A Schematic showing the key components of the computational model of HURP dynamics on K-fibres, including diffusion, binding and unbinding with rates dependent on the RanGTP gradient (red) and tubulin conformation (GTP—magenta, mixed-nucleotide zone—orange, GDP—blue), and polymerisation/depolymerisation at the kinetochore resulting in the advection of HURP. B Estimated distributions of key model parameters (histograms of posterior marginal distributions) based on data from Fig. 2C (see “Methods”). Grey dashed lines indicate prior distributions (i.e., before learning from the data). C Spatiotemporal dynamics of HURP on K-fibres from in vivo data (as in Fig. 2C) and computational model predictions using fitted parameters (median of each posterior marginal distribution). D Sensitivity of the model to changes in the length of GTP-cap and mixed-nucleotide zone (top), and rate of polymerisation of the trailing K-fibre (bottom) showing how these affect the size of the HURP-gap. Other parameters remain fixed at posterior median values. Vertical dashed red lines indicate the 95% credible region. A horizontal dashed black line shows the measured HURP-gap from lattice light-sheet data. E Plots of the mean squared displacement (MSD) of HURP over time measured from in vitro data (mean ± SEM; N = 1, n = 129 traces). F Simulated FRAP experiment using parameters estimated from data (median of each posterior marginal distribution) and assuming initially HURP was bleached from a region beyond 1.5 µm from the kinetochore (zero HURP assumed initially in this region). Source data for all graphs are provided as a Source Data file.

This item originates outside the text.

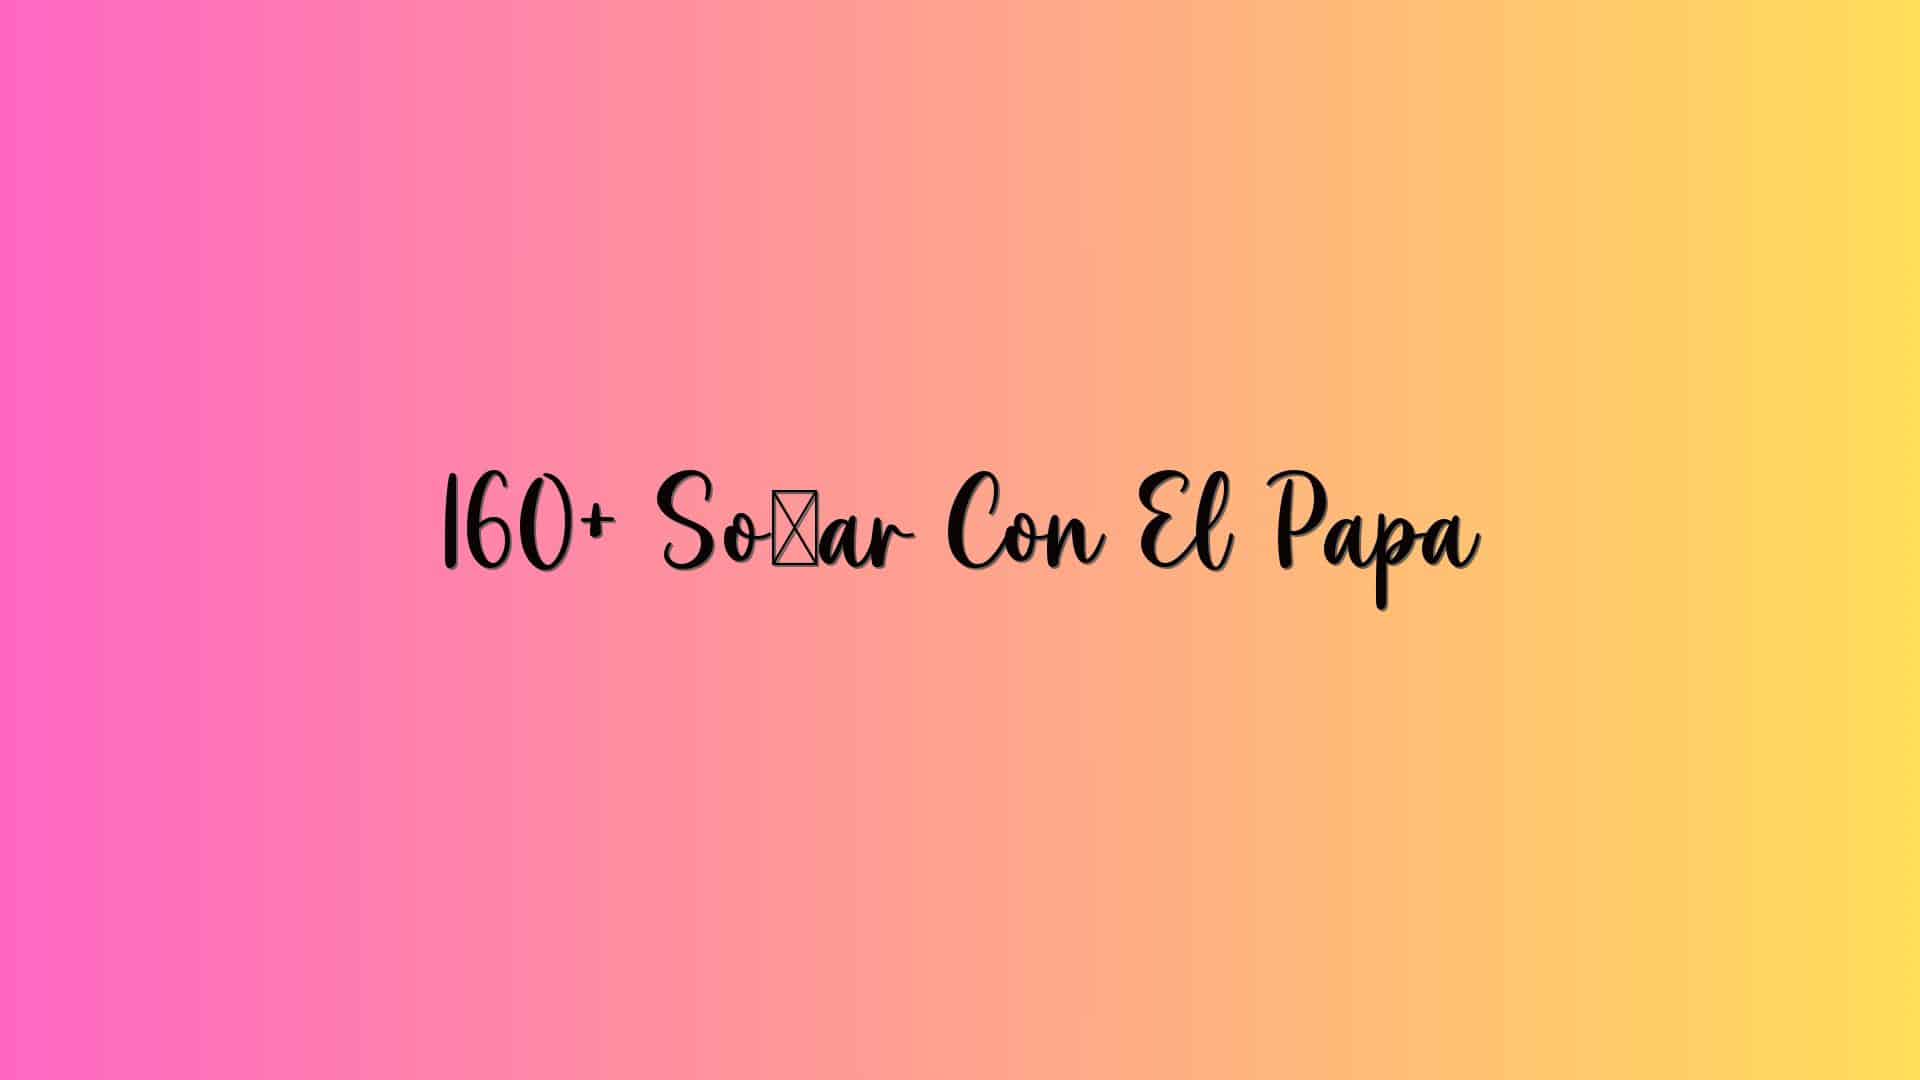 160+ Soñar Con El Papa

Fig. 7. Proposed model of the mixed-nucleotide zone on K-fibres.

Based on our experimental data, we propose that K-fibres contain four distinct regions: (1) A GTP-cap (magenta) close to the trailing kinetochore, characterised by an accumulation of EB proteins; (2) a micron-sized dynamic mixed-nucleotide zone (orange) on growing K-fibres that contains neither EB proteins nor HURP; (3) the GDP microtubule lattice (blue) characterised by HURP stripes; (4) a pole-proximal region that lacks HURP due to the absence of RanGTP. Note that as soon as a directional switch occurs, HURP starts to accumulate on the leading K-fibre that previously contained HURP-gap, and an equivalent gap starts to form on the opposite, growing K-fibre.